--- Task item ---
Your task is to reproduce exactly the lines from the one containing "Vines Sterling Silver" through the last line below, both ends included, and nothing else, with no pictures.

Source records:
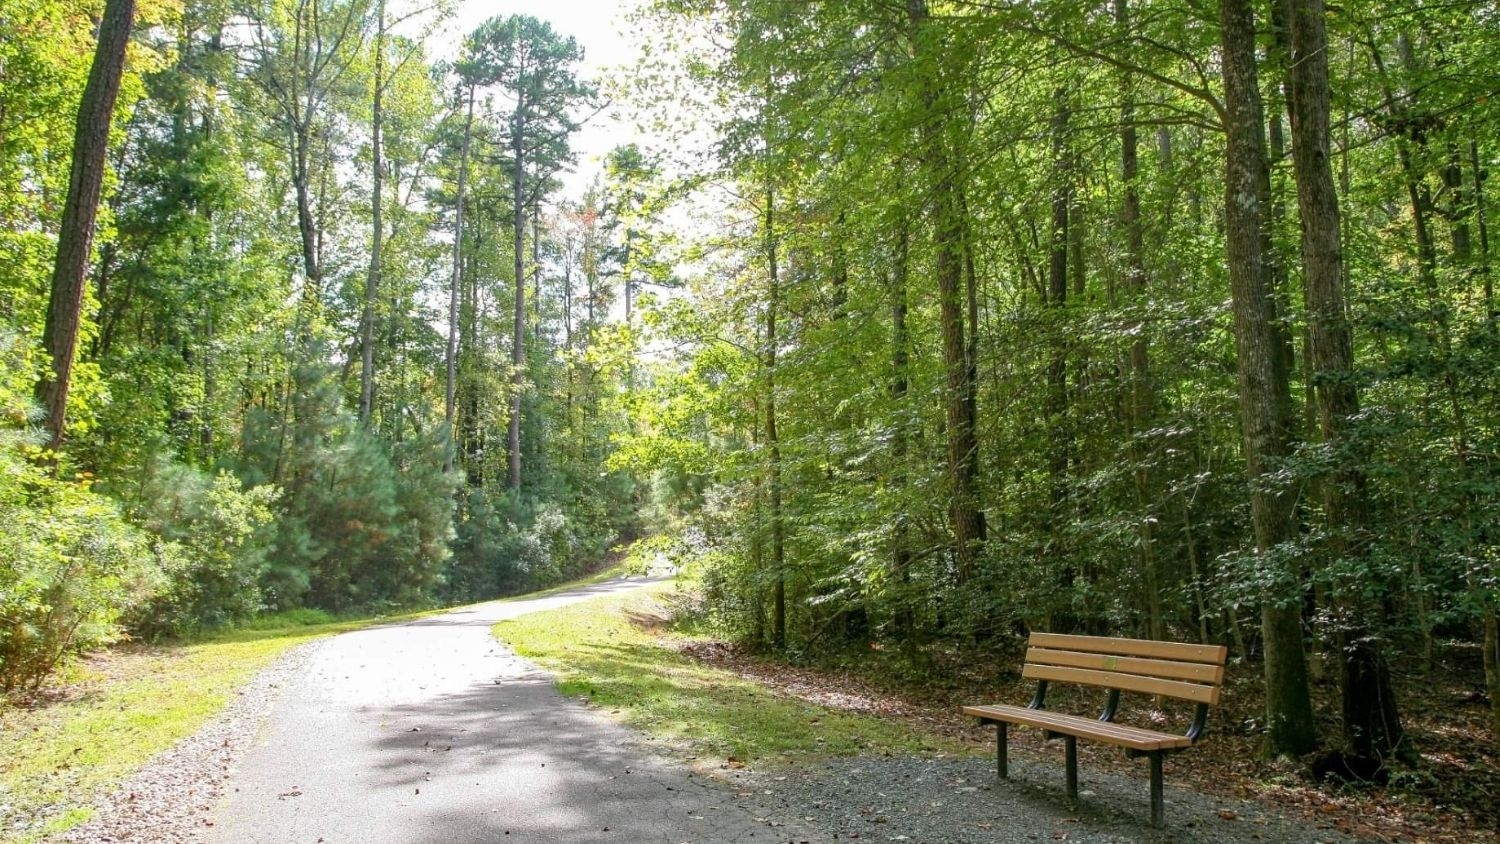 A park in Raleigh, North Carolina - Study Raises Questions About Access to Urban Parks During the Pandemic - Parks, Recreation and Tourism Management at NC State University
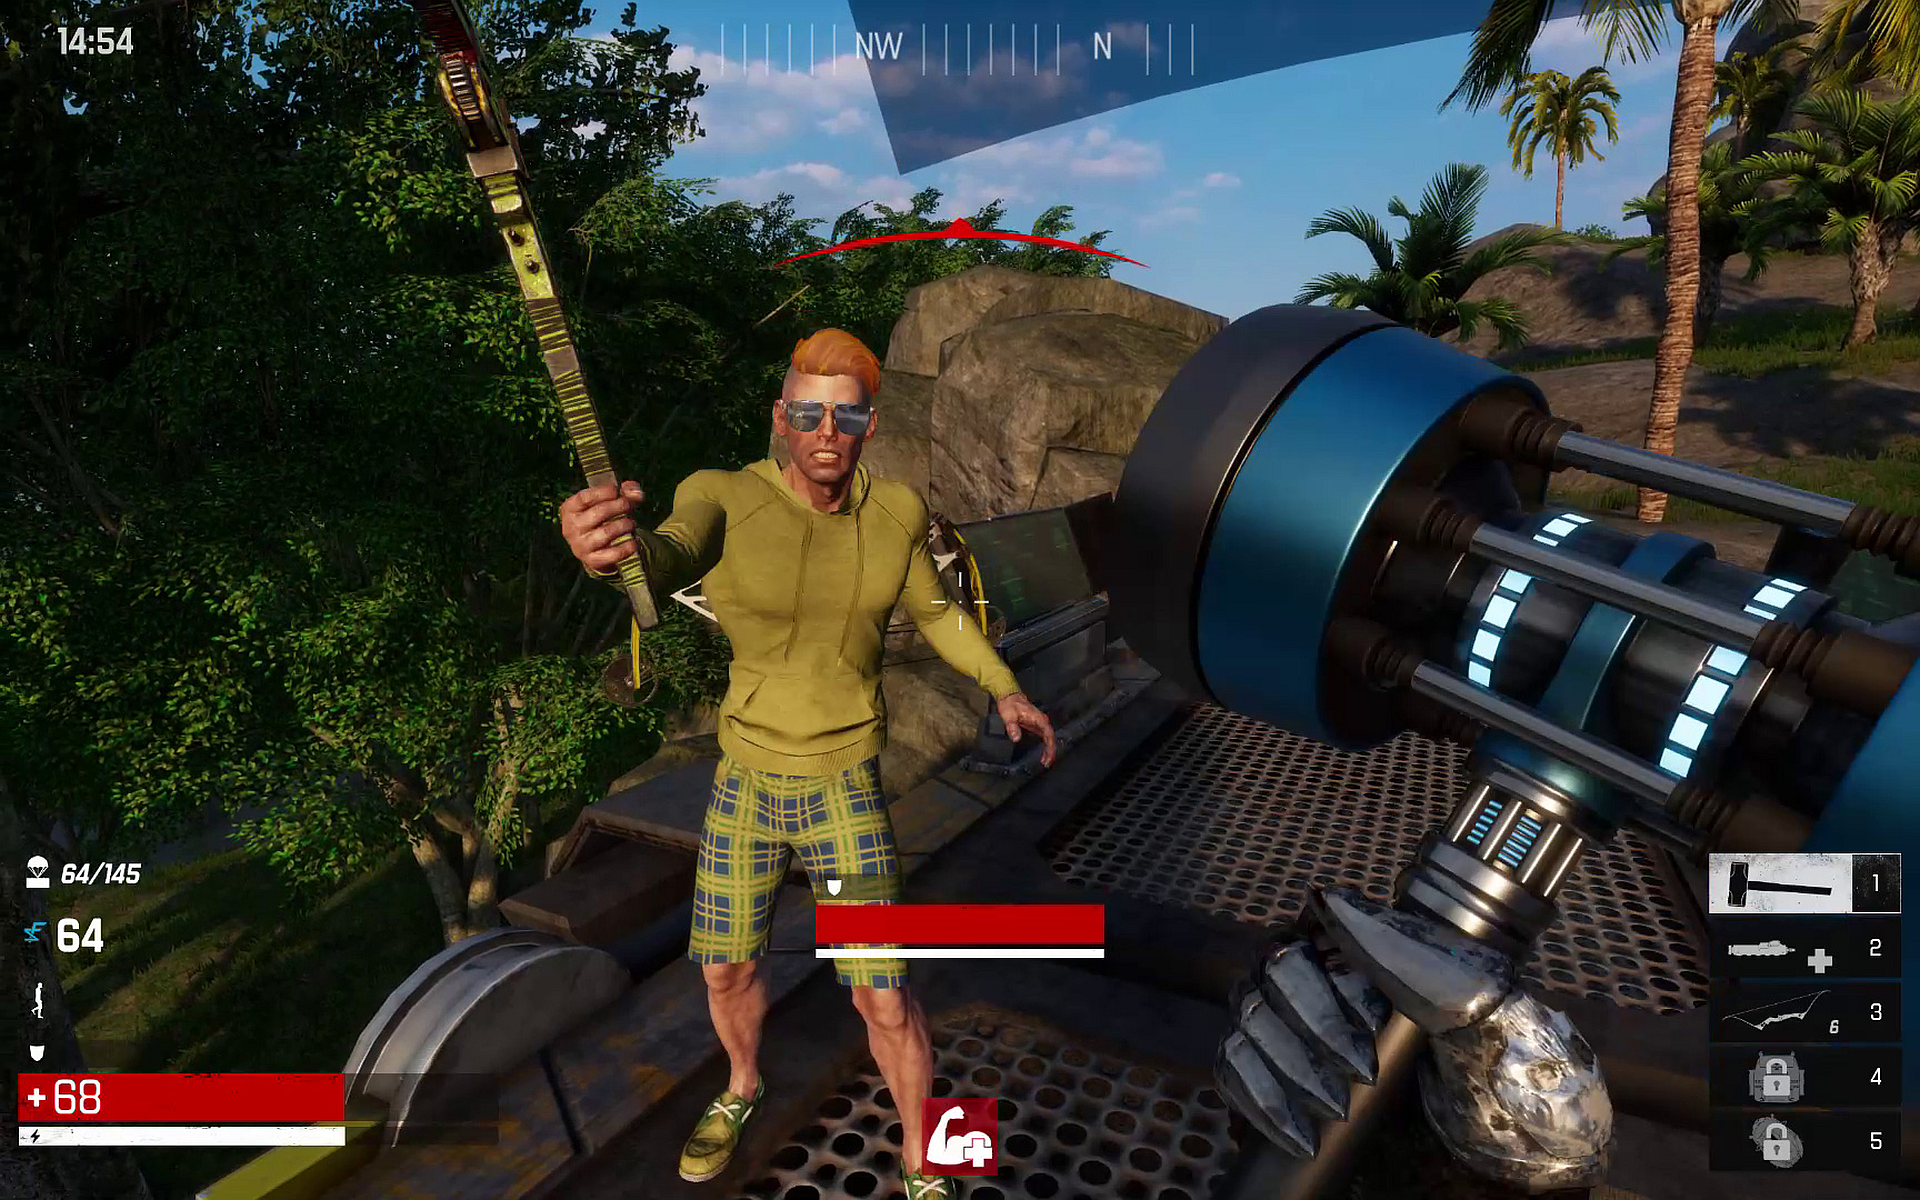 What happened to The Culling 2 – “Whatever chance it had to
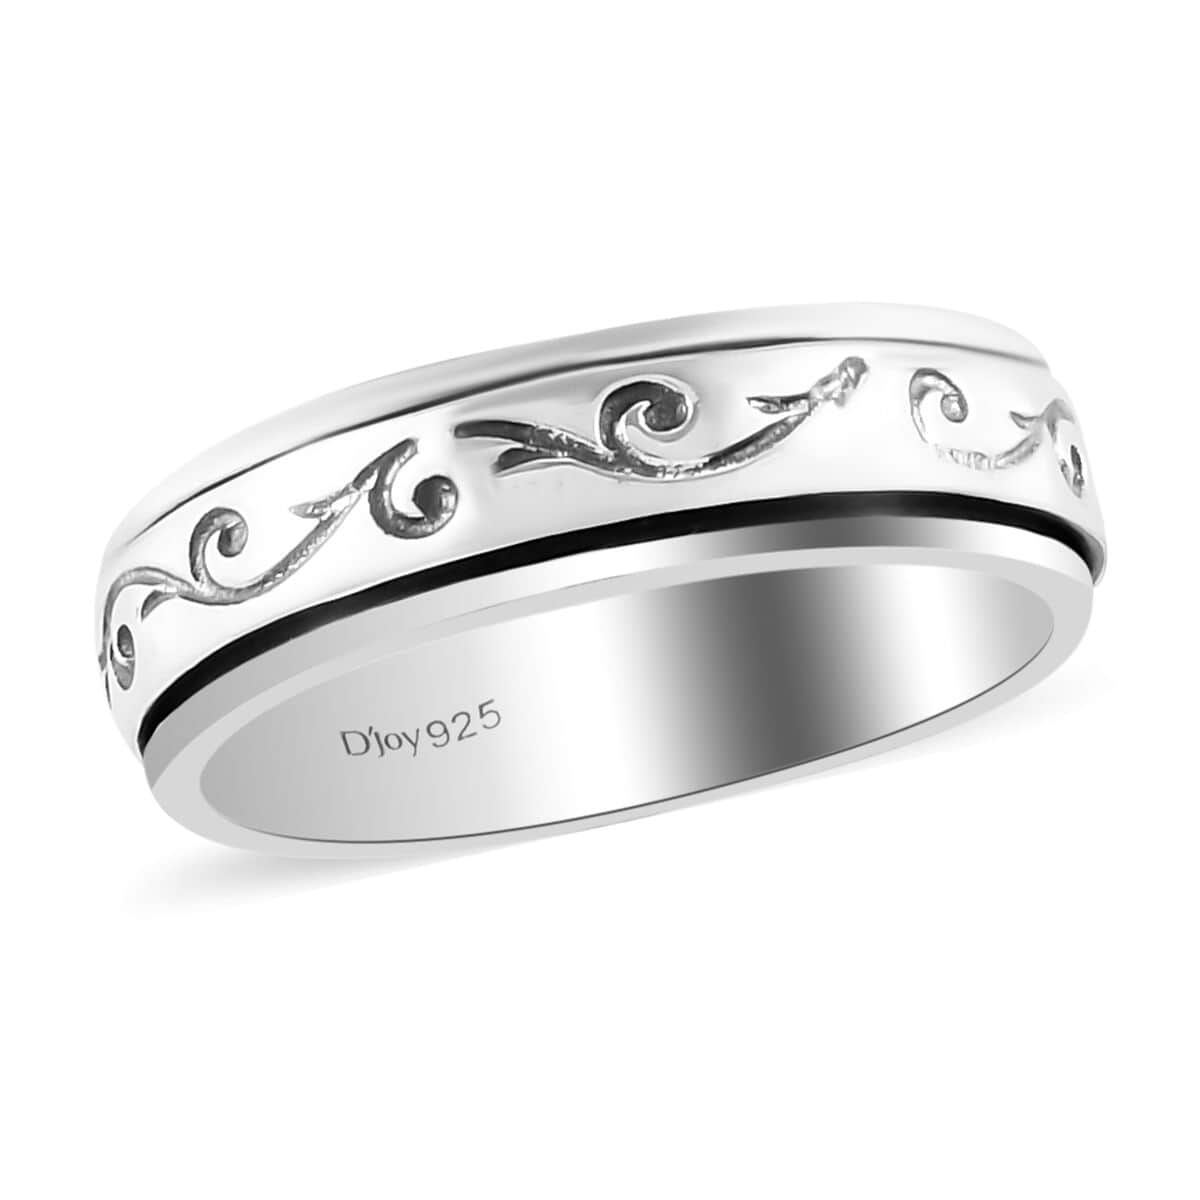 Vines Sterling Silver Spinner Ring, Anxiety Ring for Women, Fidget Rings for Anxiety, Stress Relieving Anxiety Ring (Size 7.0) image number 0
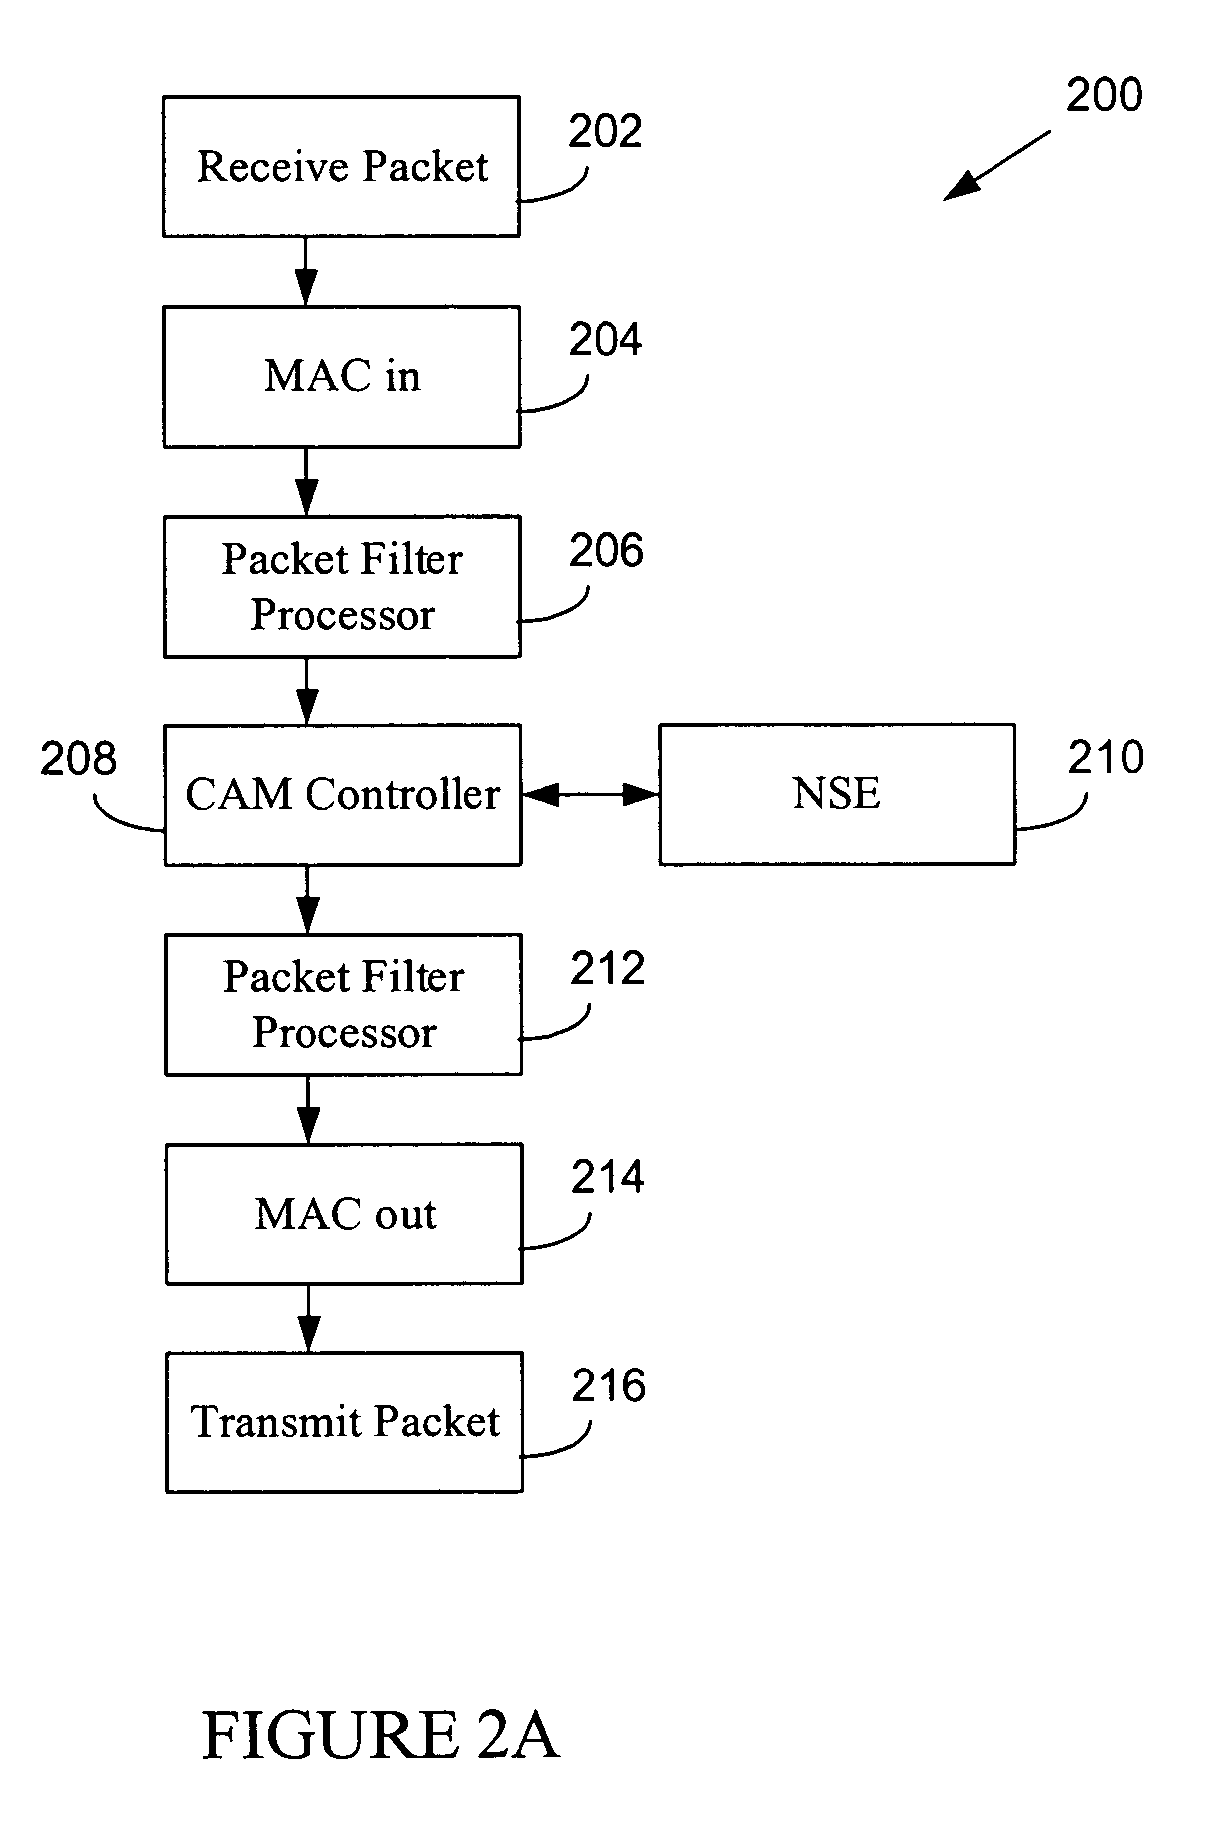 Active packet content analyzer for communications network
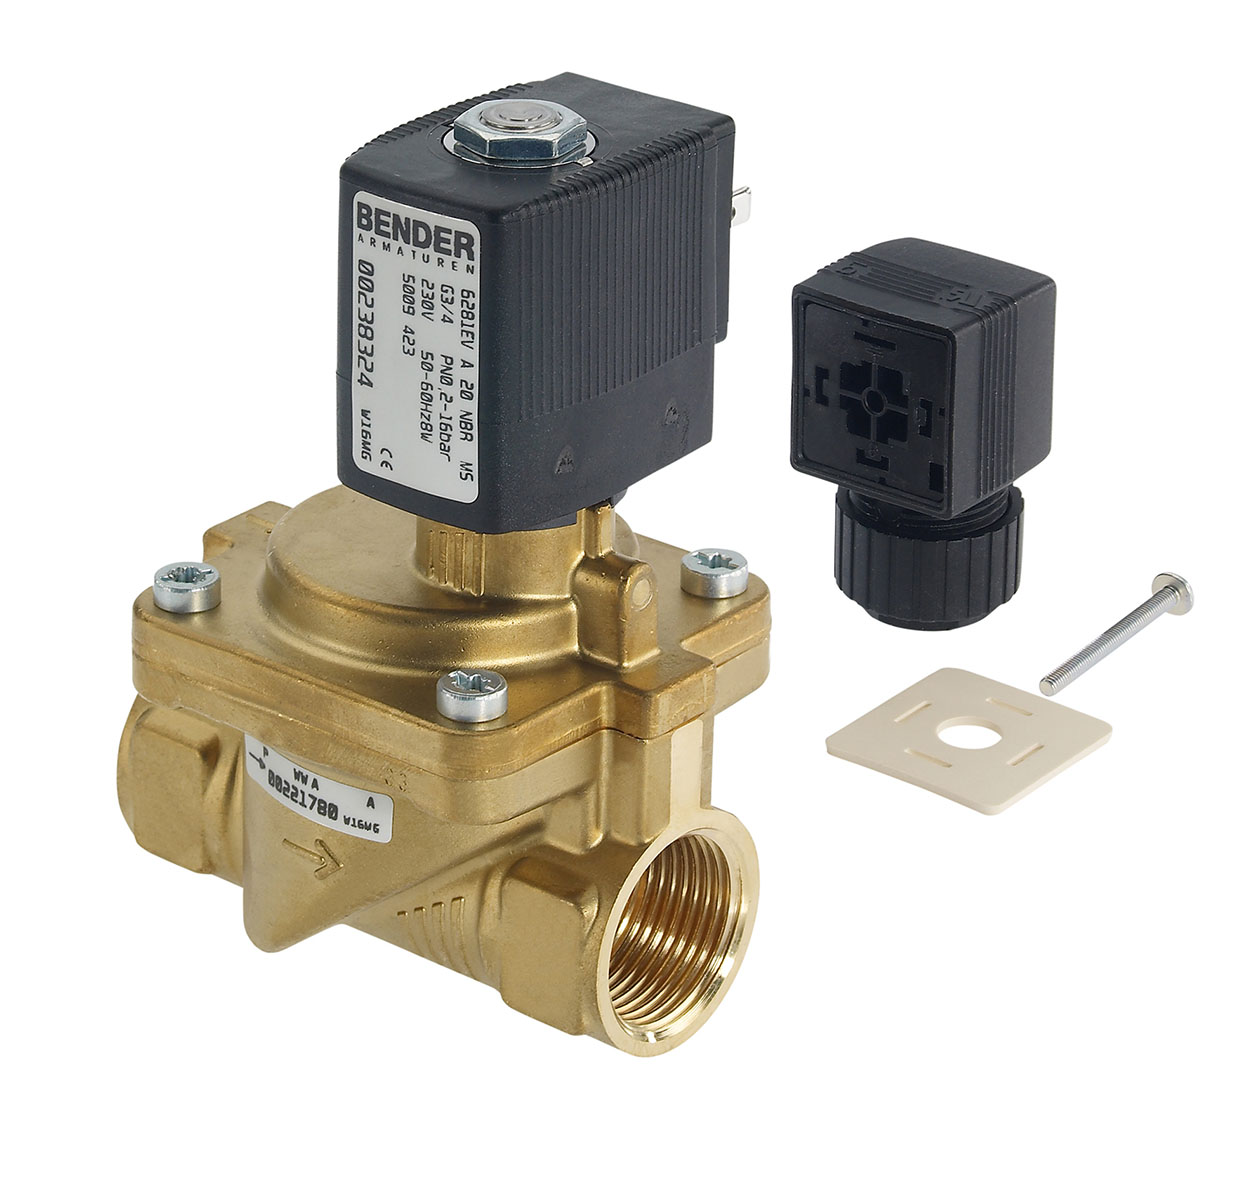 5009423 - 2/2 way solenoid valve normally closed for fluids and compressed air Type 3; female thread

--- Answer to the problem ---
 Vines Sterling Silver Spinner Ring, Anxiety Ring for Women, Fidget Rings for Anxiety, Stress Relieving Anxiety Ring (Size 7.0) image number 0
 Active packet content analyzer for communications network
 5009423 - 2/2 way solenoid valve normally closed for fluids and compressed air Type 3; female thread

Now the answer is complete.